Voice capabilities are optional and remain unavailable unless the Speech integration is configured. Configuration is performed via the Voice Control integration settings (see AI Chat Configuration & Deployment > Voice Mode Configuration). The voice layer follows the same backend-controlled communication flow, security principles, and permissions boundaries as text-based interaction.

 

 

External Service Dependencies (License Management Context)

The License Management workspace relies on multiple external services to provide AI-supported functionality and enriched data processing capabilities.

 

All services listed below are mandatory components.

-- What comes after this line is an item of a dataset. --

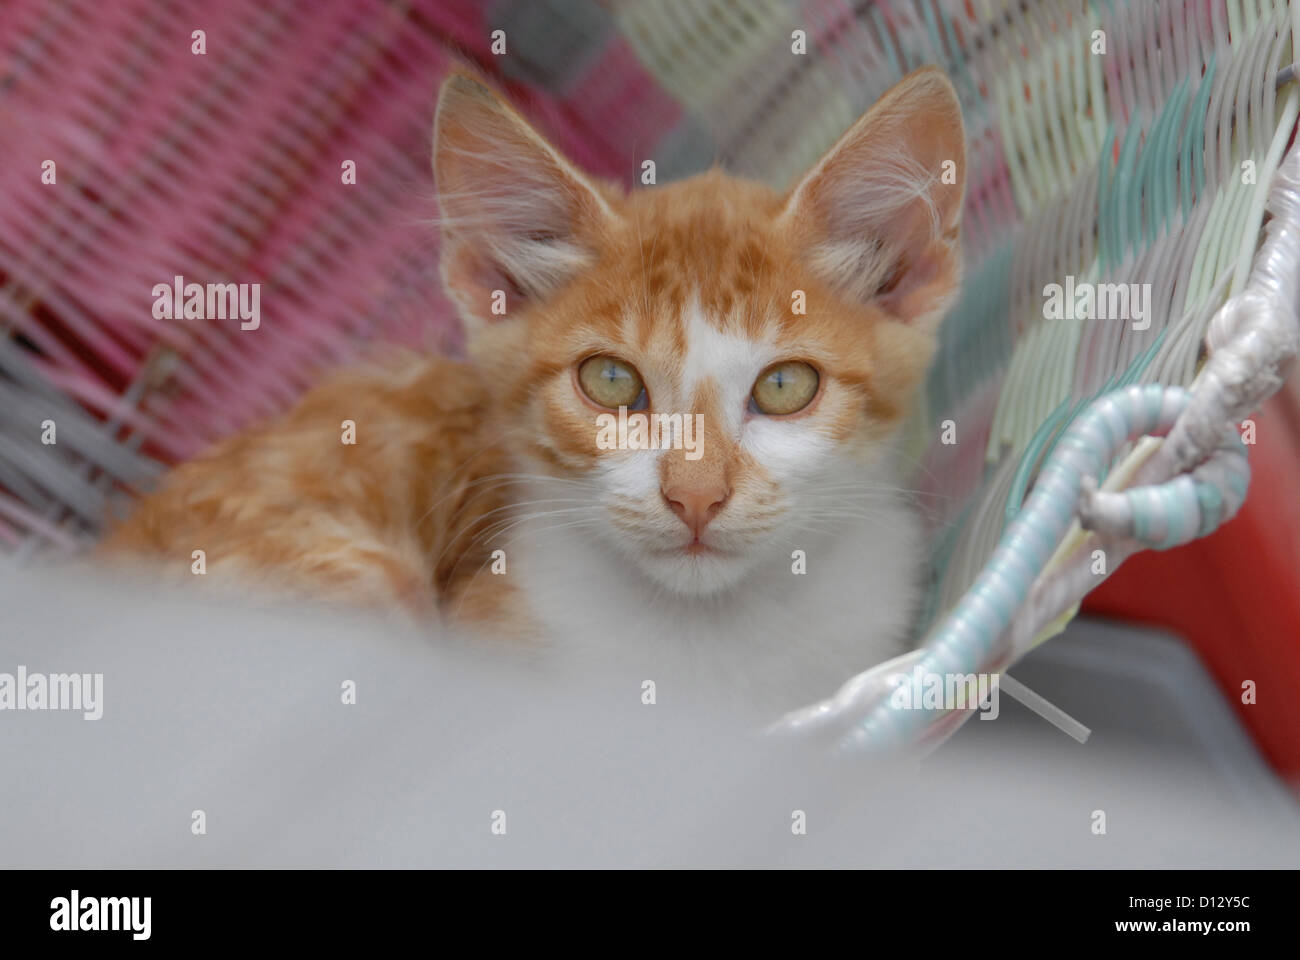 junges Hauskätzchen, Rot Tabby und Weiss, liegt in einem Korb, Dodekanes, Griechenland, kitten, Red Tabby and White, resting in Stock Photo

The License Management workspace is not operational unless these integrations are fully configured.

 

 

SAMCloud Integration

 

SAMCloud provides AI-enhanced services specifically for License Management.

 

Responsibilites:

 

Document parsing (e.g., invoices, license contracts)

Extraction of structured core information from uploaded files

Access to the Encyclopedia service

Additional AI-driven analysis services

 

Configuration (Docker example - sanitized):

 

SAMCloud__Url: "<SAMCLOUD_URL>"

SAMCloud__ApiKey: "<SAMCLOUD_API_KEY>"

SAMCloud__MaxAttempts: 5

MaxPollingAttempts: 6

PollingDelaySeconds: 10

 

 

Without SAMCloud, License management remains operational but lacks automated document analysis and enriched AI capabilities.

 

 

Technology Catalog Integration

 

The Technology Catalog provides structured product and technology data used within License Management and AI-assisted workflows.

 

Responsibilities:

 

Enriched product metadata

Technology normalization

Structured software and vendor information

Data foundation for AI-supported analysis

 

Configuration (Docker example - sanitized):

 

Catalog__Url: "<CATALOG_SERVICE_URL>"

Catalog__ApiKey: "<CATALOG_API_KEY>"

Catalog__MaxAttempts: 3

 

The Catalog service enhances the quality and consistency of license and product-related insights.

 

SAMCloud provides AI-enhanced services specifically for License Management.

 

 

AI Chat /LLM Integration

 

AI Chat enables natural language interaction and AI-supported analysis within the system.

 

Responsibilites:

 

Natural language query handling

Context-aware responses

AI-assisted evaluation of license and asset data

 

The AI Chat backend communicates with the configured AI provider through the LiteLLM abstraction layer.

 

Configuration (Docker example - sanitized):

 

AiConfig__Url: "<AI_SERVICE_URL>"

AiConfig__ApiKey: "<AI_API_KEY>"

AiConfig__Model: "<MODEL_NAME>"

 

 

Architectural Summary

For full License Management capabilities:

 

SAMCloud enables document intelligence and AI-enhanced parsing

The Technology Catalog provides structured product intelligence

AI Chat enables conversational interaction and AI-assisted analysis

 

Together, these services from the AI supported License Management ecosystem.